Он поцеловал ее на крыльце, потому что не должен был целовать ее на платформе, хотя она провожала его на станцию, чтобы отвести назад машину. Загорев и покрывшись морщинами под жарким солнцем колоний и в борьбе с постоянным коварством лошадей, связанный своей ногой, поврежденной в бурской войне (и, может быть, спасшей ему жизнь в мировой войне), Вэл, однако, мало изменился со времени своего сватовства – та же была у него открытая, пленительная улыбка, только ресницы стали, пожалуй, еще темнее и гуще, но так же мерцали сквозь них светло-серые глаза, да веснушки выступали резче, да волосы на висках начали седеть.
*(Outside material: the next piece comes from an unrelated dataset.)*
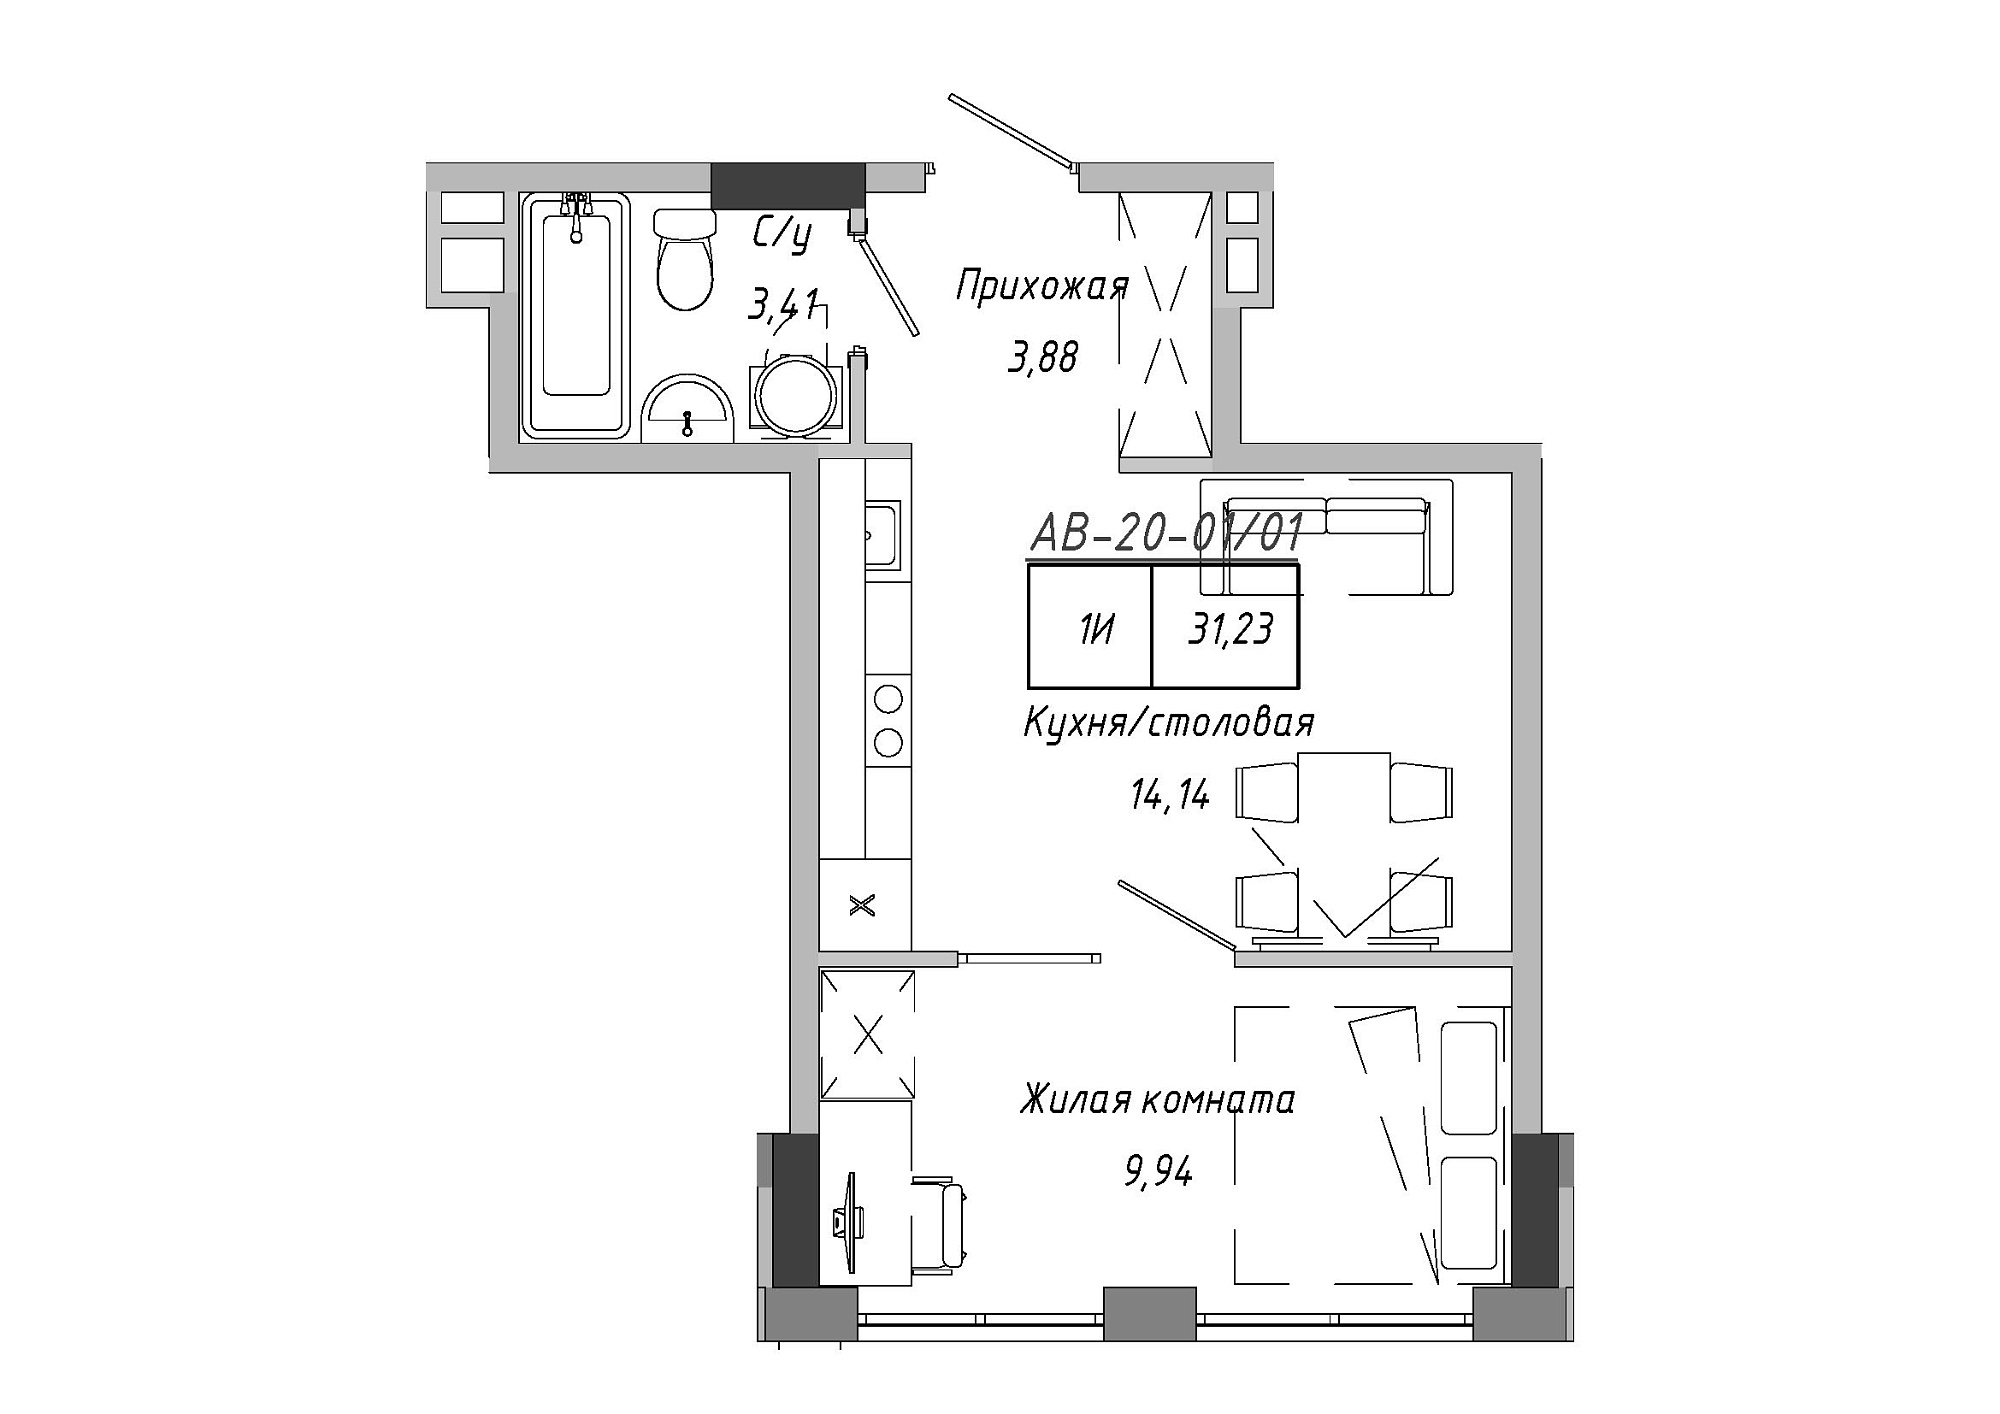 Планировка 1-к квартира площей 31.23м2, AB-20-01/00001.
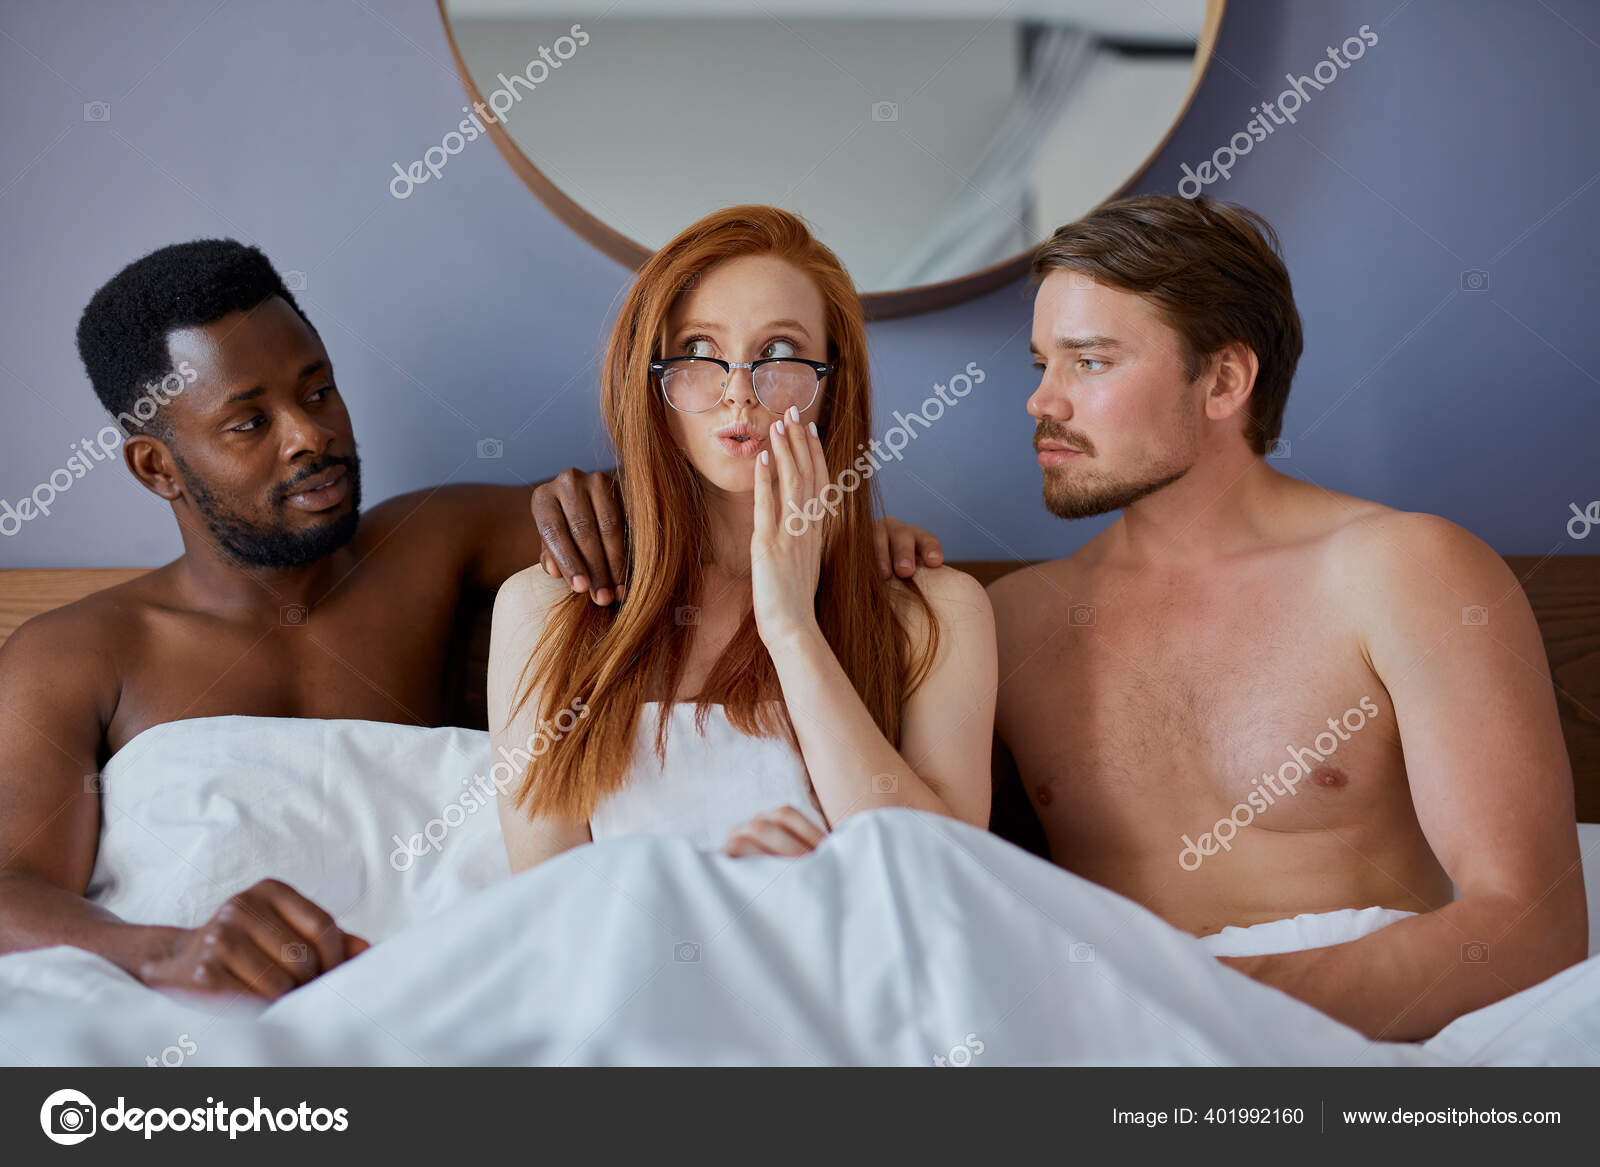 Threesome concept photo

Он производил впечатление человека, долго жившего в солнечном климате деятельной жизнью лошадника.
Резко повернув машину на выезде из парка, он сказал:
– Когда приезжает маленький Джон?
– Сегодня.
– Тебе ничего не нужно для него? Я могу привезти в субботу.
– Ничего не нужно; но, может быть, ты приедешь одним поездом с Флер – в час сорок?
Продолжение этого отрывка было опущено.